# How to Haunt Your House, Book Two now online



## LynneM (Mar 24, 2009)




----------



## Joiseygal (Jun 10, 2009)

The first book was amazing! I can't wait to purchase this book.


----------



## drea11 (Jun 4, 2006)

Just bought it. Hubby and I enjoyed the first one and have been eagerly waiting for the next one. We cant wait!


----------



## Spookilicious mama (Feb 27, 2008)

*Purchased! Cant wait!! Thanks for posting this I had no idea this book was out there*


----------



## madmax (Dec 28, 2003)

LynneM said:


> It took a really long time... but at long last, How to Haunt Your House, Book Two is done and published.
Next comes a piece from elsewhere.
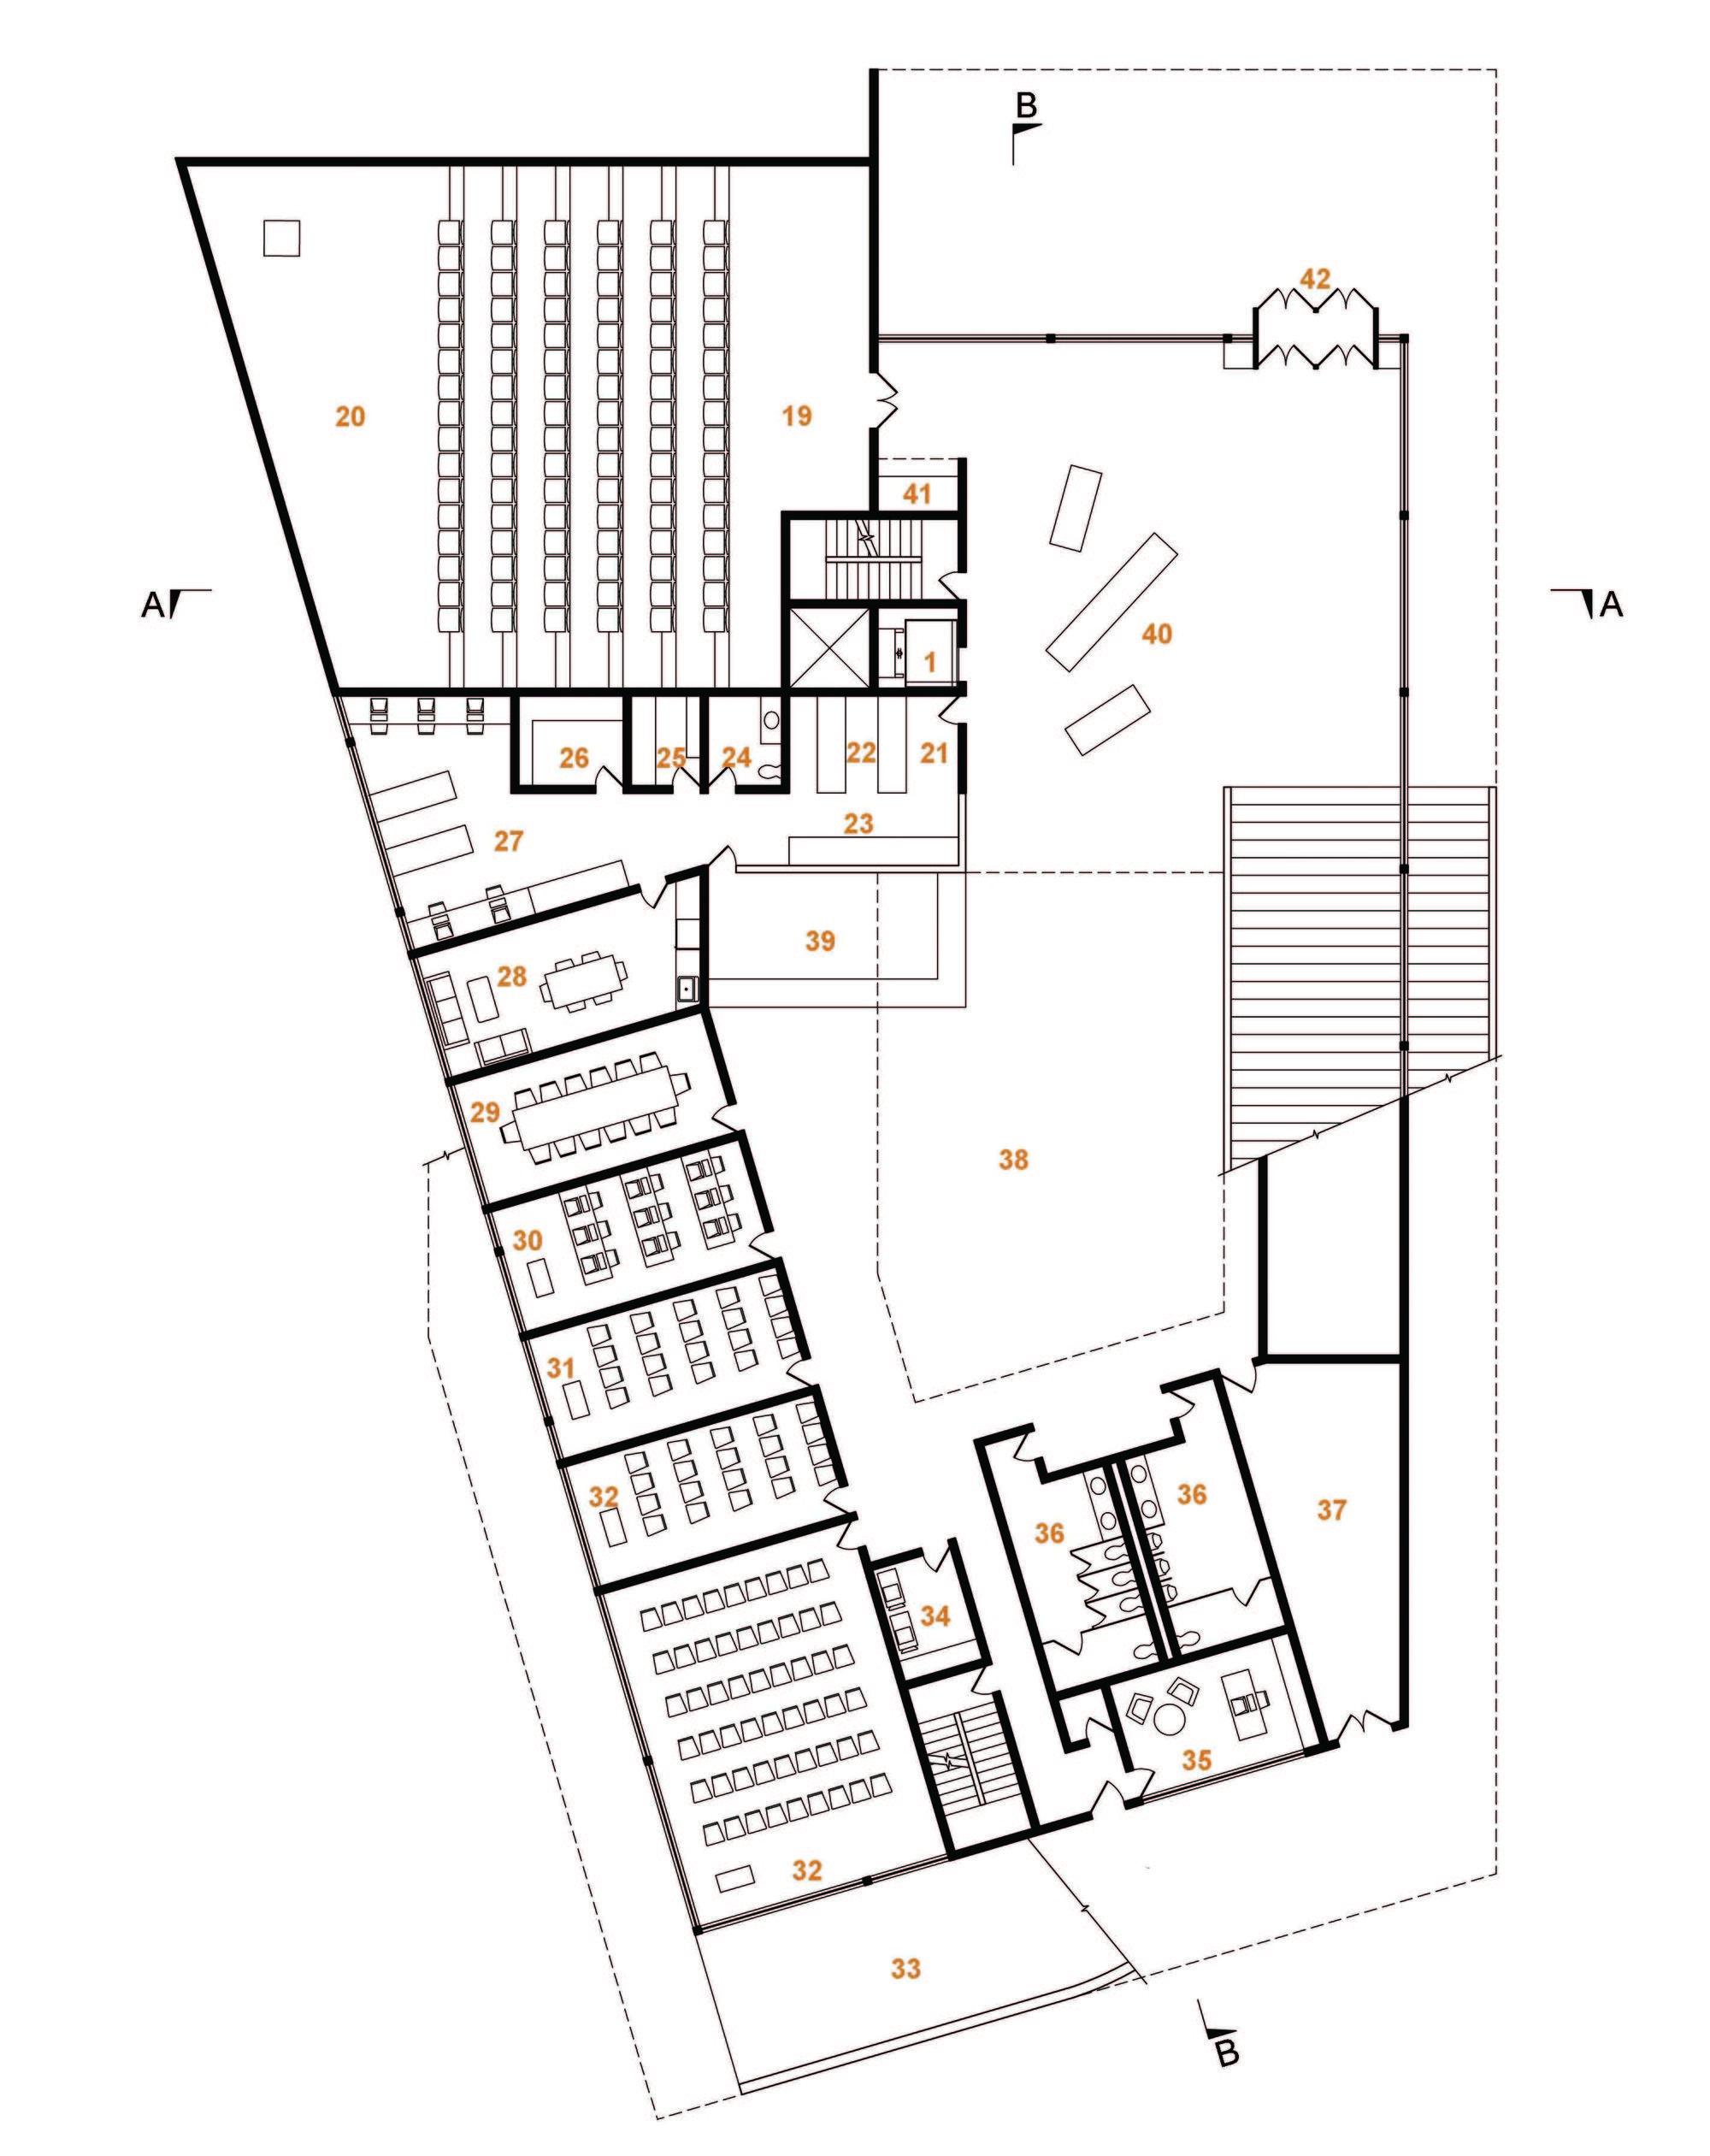 Gallery Of Daegu Gosan Public Library Competition Entry Martin Fenlon Architecture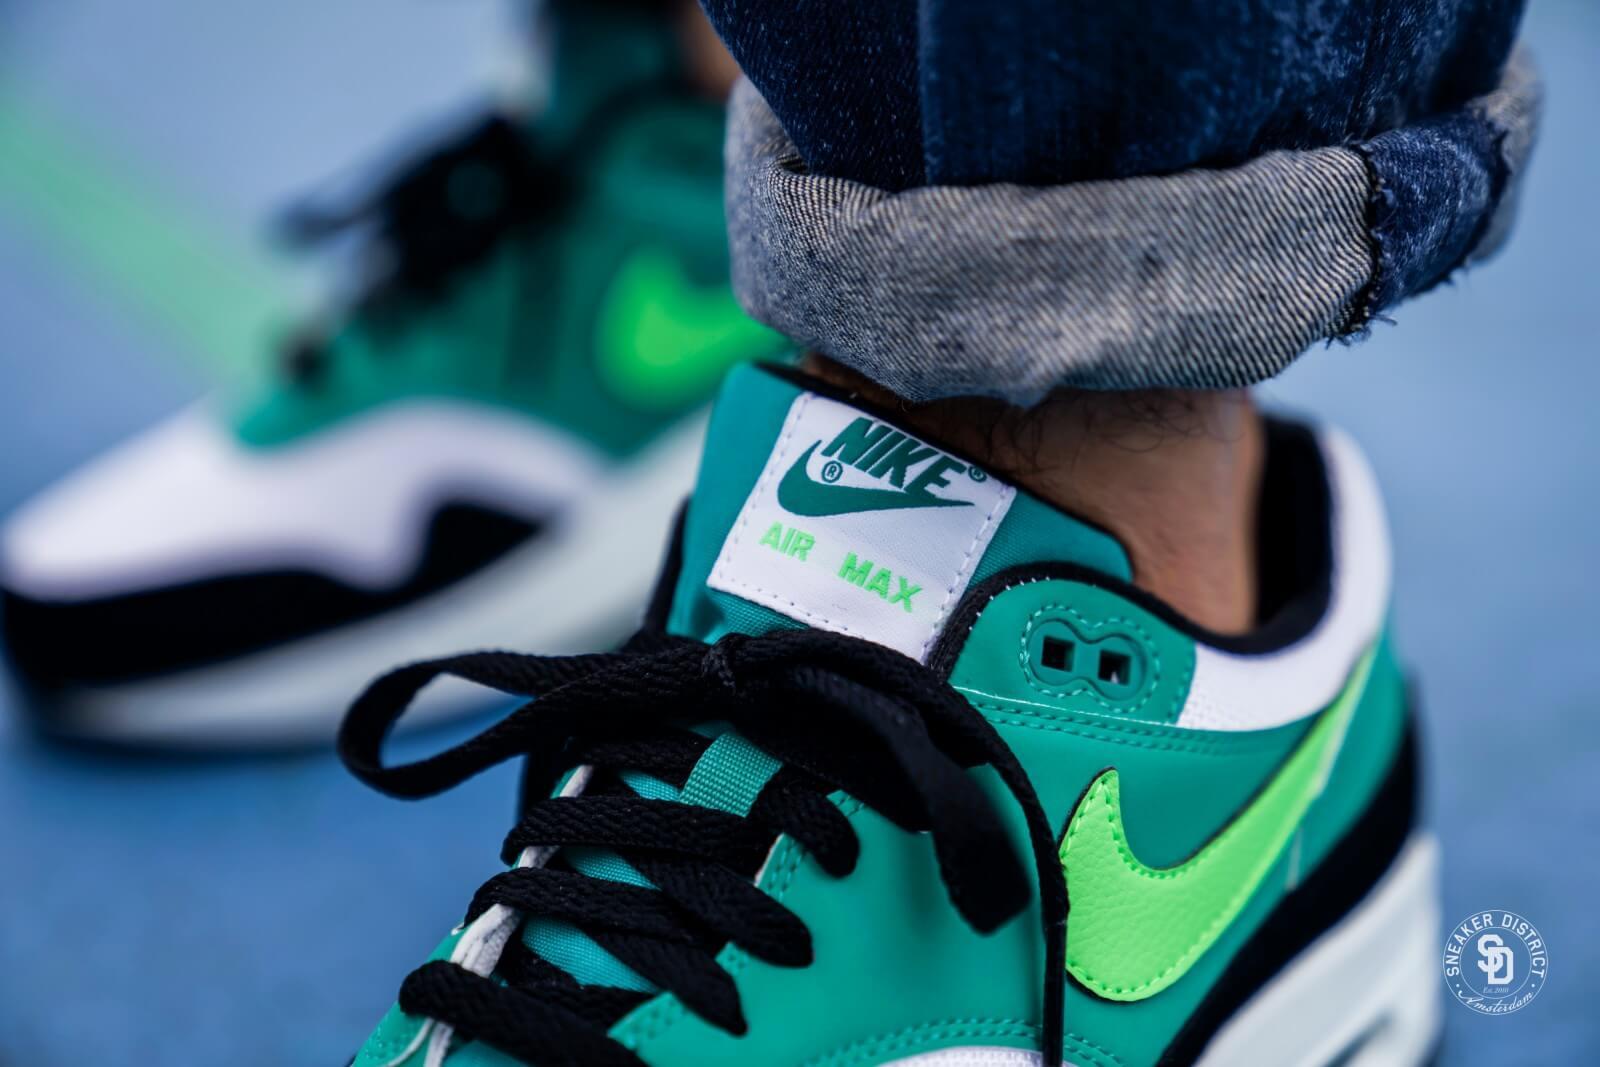 save off 6acea 63d71 france 2015 shoes women nike air max deep blue green 7fa72 9bfb9  discount  code for nike air max 1 white green strike neptune green 27087 5e5d9

We've updated our website if you want to check out a full preview and video: www.howtohauntyourhouse.com


Where's the Tutorial or Step-By-Step for this book?????? 





> Read Before Posting In This Section
> 
> permalink
> This new section if for members to post step-by-step what how they built their Halloween and Horror props.
> ...


----------



## Terra (Sep 23, 2007)

The graveyard ghosts are a great idea! So excited to hear that you made another one.

*FYI* _(in my role of moderator):_ I moved this thread to the announcement section. The tutorial section here at the forum is not meant for tutorials posted at other sites or books.


----------